Hamlet, Prince of Denmark (Collins edition) Read online




  Hamlet, Prince of Denmark (Collins edition)

  William Shakespeare

  The Tragedy of Hamlet, Prince of Denmark, or more simply Hamlet, is a tragedy by William Shakespeare, believed to have been written between 1599 and 1601. The play, set in Denmark, recounts how Prince Hamlet exacts revenge on his uncle Claudius, who has murdered Hamlet's father, the King, and then taken the throne and married Gertrude, Hamlet's mother. The play vividly charts the course of real and feigned madness—from overwhelming grief to seething rage—and explores themes of treachery, revenge, incest, and moral corruption.

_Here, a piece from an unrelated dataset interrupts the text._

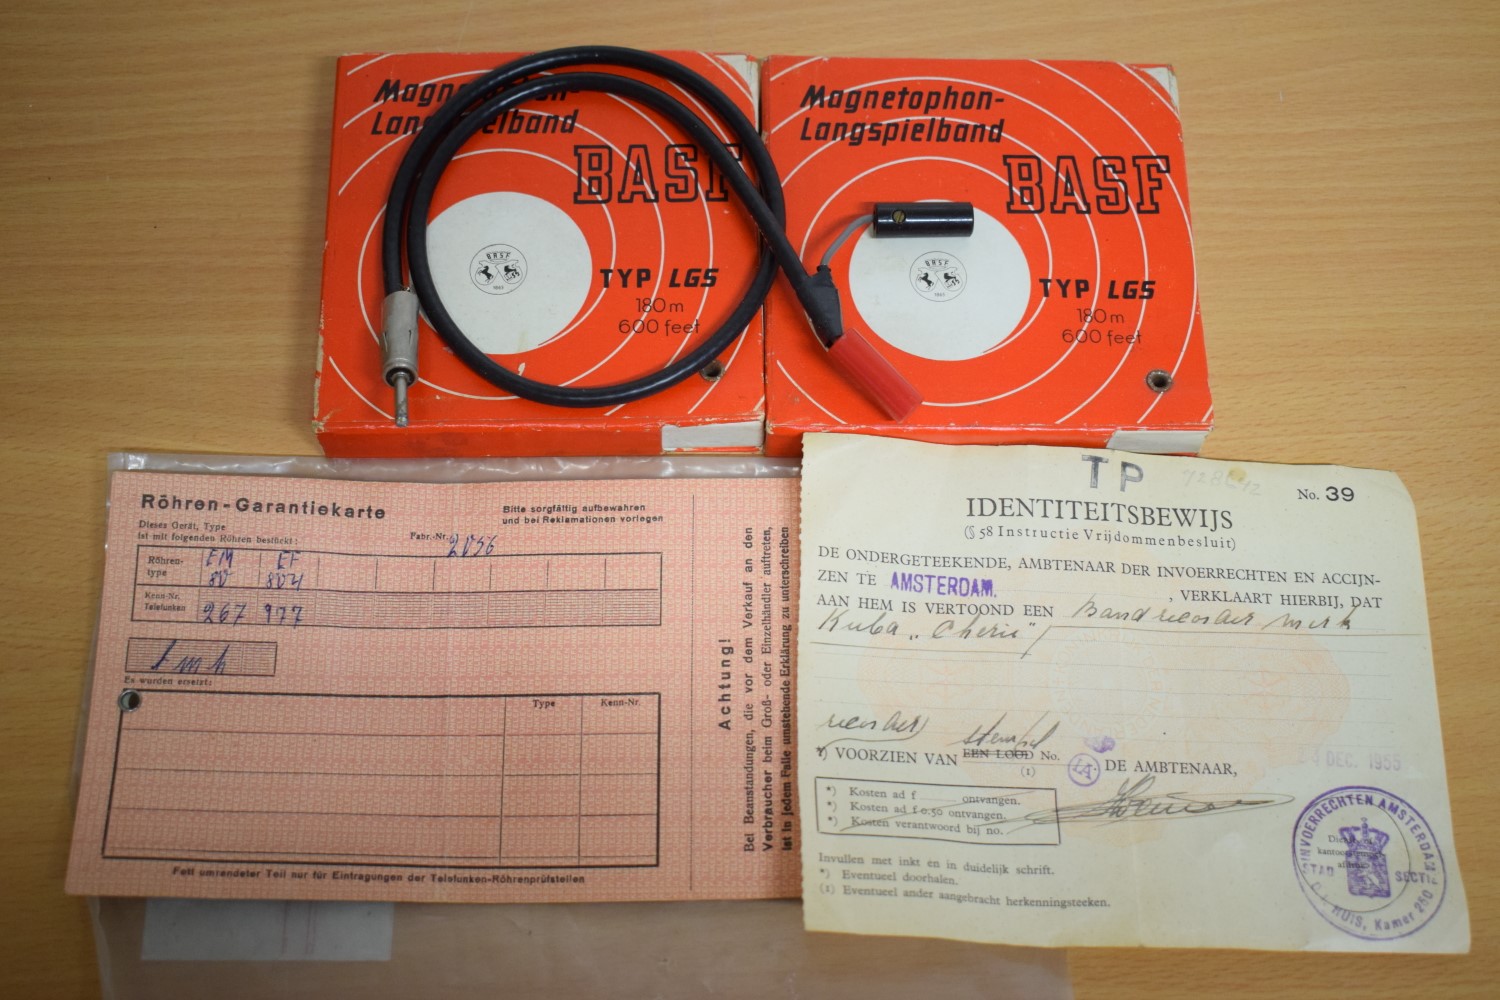 Kuba Cherie Tube Tape Recorder

  HAMLET, PRINCE OF DENMARK

  by William Shakespeare

  PERSONS REPRESENTED.

  Claudius, King of Denmark.

  Hamlet, Son to the former, and Nephew to the present King.

  Polonius, Lord Chamberlain.

  Horatio, Friend to Hamlet.

  Laertes, Son to Polonius.

  Voltimand, Courtier.

  Cornelius, Courtier.

  Rosencrantz, Courtier.

  Guildenstern, Courtier.

  Osric, Courtier.

  A Gentleman, Courtier.

  A Priest.

  Marcellus, Officer.

  Bernardo, Officer.

  Francisco, a Soldier

  Reynaldo, Servant to Polonius.

  Players.

  Two Clowns, Grave-diggers.

  Fortinbras, Prince of Norway.

  A Captain.

  English Ambassadors.

  Ghost of Hamlet's Father.

  Gertrude, Queen of Denmark, and Mother of Hamlet.

  Ophelia, Daughter to Polonius.

  Lords, Ladies, Officers, Soldiers, Sailors, Messengers, and other

  Attendants.

  SCENE. Elsinore.

  ACT I.

  Scene I. Elsinore. A platform before the Castle.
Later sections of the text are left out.